Is there some other way we'd be able to detect a nearby Type 1a supernova before the light from it becomes visable?
 A: In short, it is extremely challenging if not impossible to detect SNe Ia before we see them.
As you said, the neutrino signal would be even weaker than for core-collapse events, and even that is pretty weak. We only caught one or two dozen neutrinos from SN 1987A, and that essentially went off in our own galaxy.
No other particles would escape faster than light could diffuse out of the explosion, even if they could be accelerated to ultra-relativistic speeds.
The only other long-range signal would be gravitational waves. The problem is that if SNe Ia are triggered by slow mass accretion onto a white dwarf (the single degenerate channel), the quadrupole moment will be no stronger than for any other binary star system in the universe. Even if white dwarf mergers turn out to be responsible (the double degenerate channel), some speculate that they could be third-body-induced head-on collisions rather than inspirals, so again no quadrupole moment to speak of.
There is a chance most SNe Ia are the result of inspiralling white dwarfs, which is the best case for emitting gravitational radiation. In this case, though, the signal is even weaker than neutron-star/neutron-star mergers (which are in turn weaker than the black-hole/black-hole merger so far detected), simply because the masses are smaller. On top of that, the inspiral (and gravitational wave emission) ends shortly after the surfaces collide, which is well before the objects' Schwarzschild radii merge, so the chirp in the signal is cutoff before its strongest point.
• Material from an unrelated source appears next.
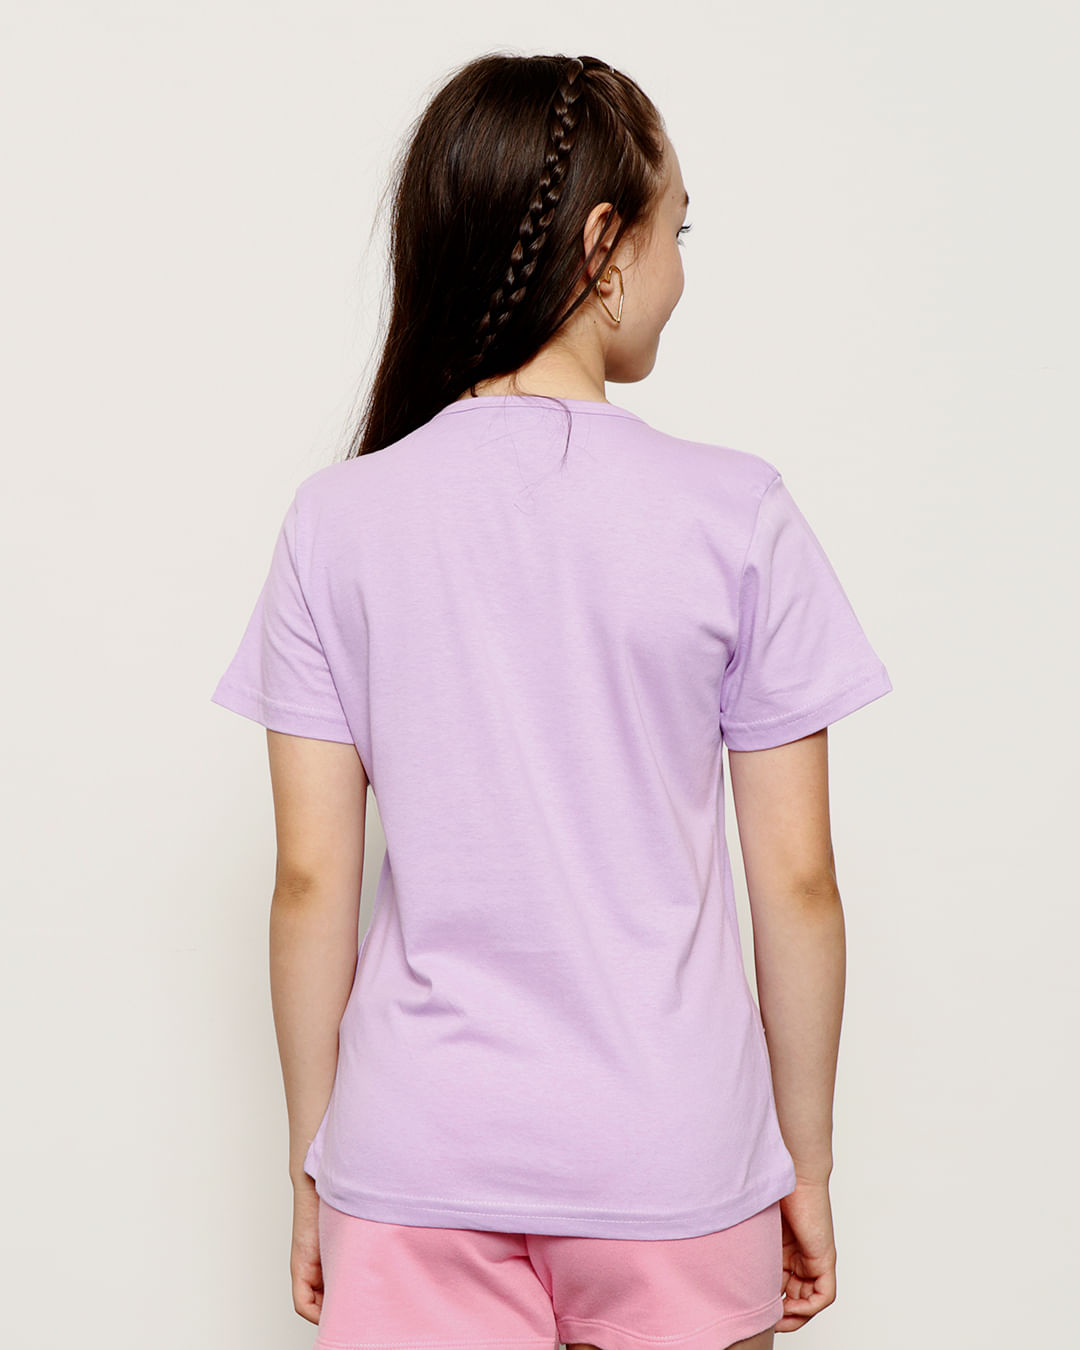 Camiseta-Juvenil-Menina-Warner-Rick-e-Morty-com-Estampa-Frente-Lilas

Also, unlike in the core-collapse case, there is hardly anything worth looking at just before the explosion. White dwarfs are hard enough to spot nearby in our own galaxy; they are next to impossible to see in other galaxies.
On the bright side, SNe Ia actually grow brighter for the first week or two after explosion, so there is still a sense in which we can catch them early. Indeed this and the next generation of high-cadence optical surveys are making this more and more common, as there is important information to be learned from the rise of the light curve.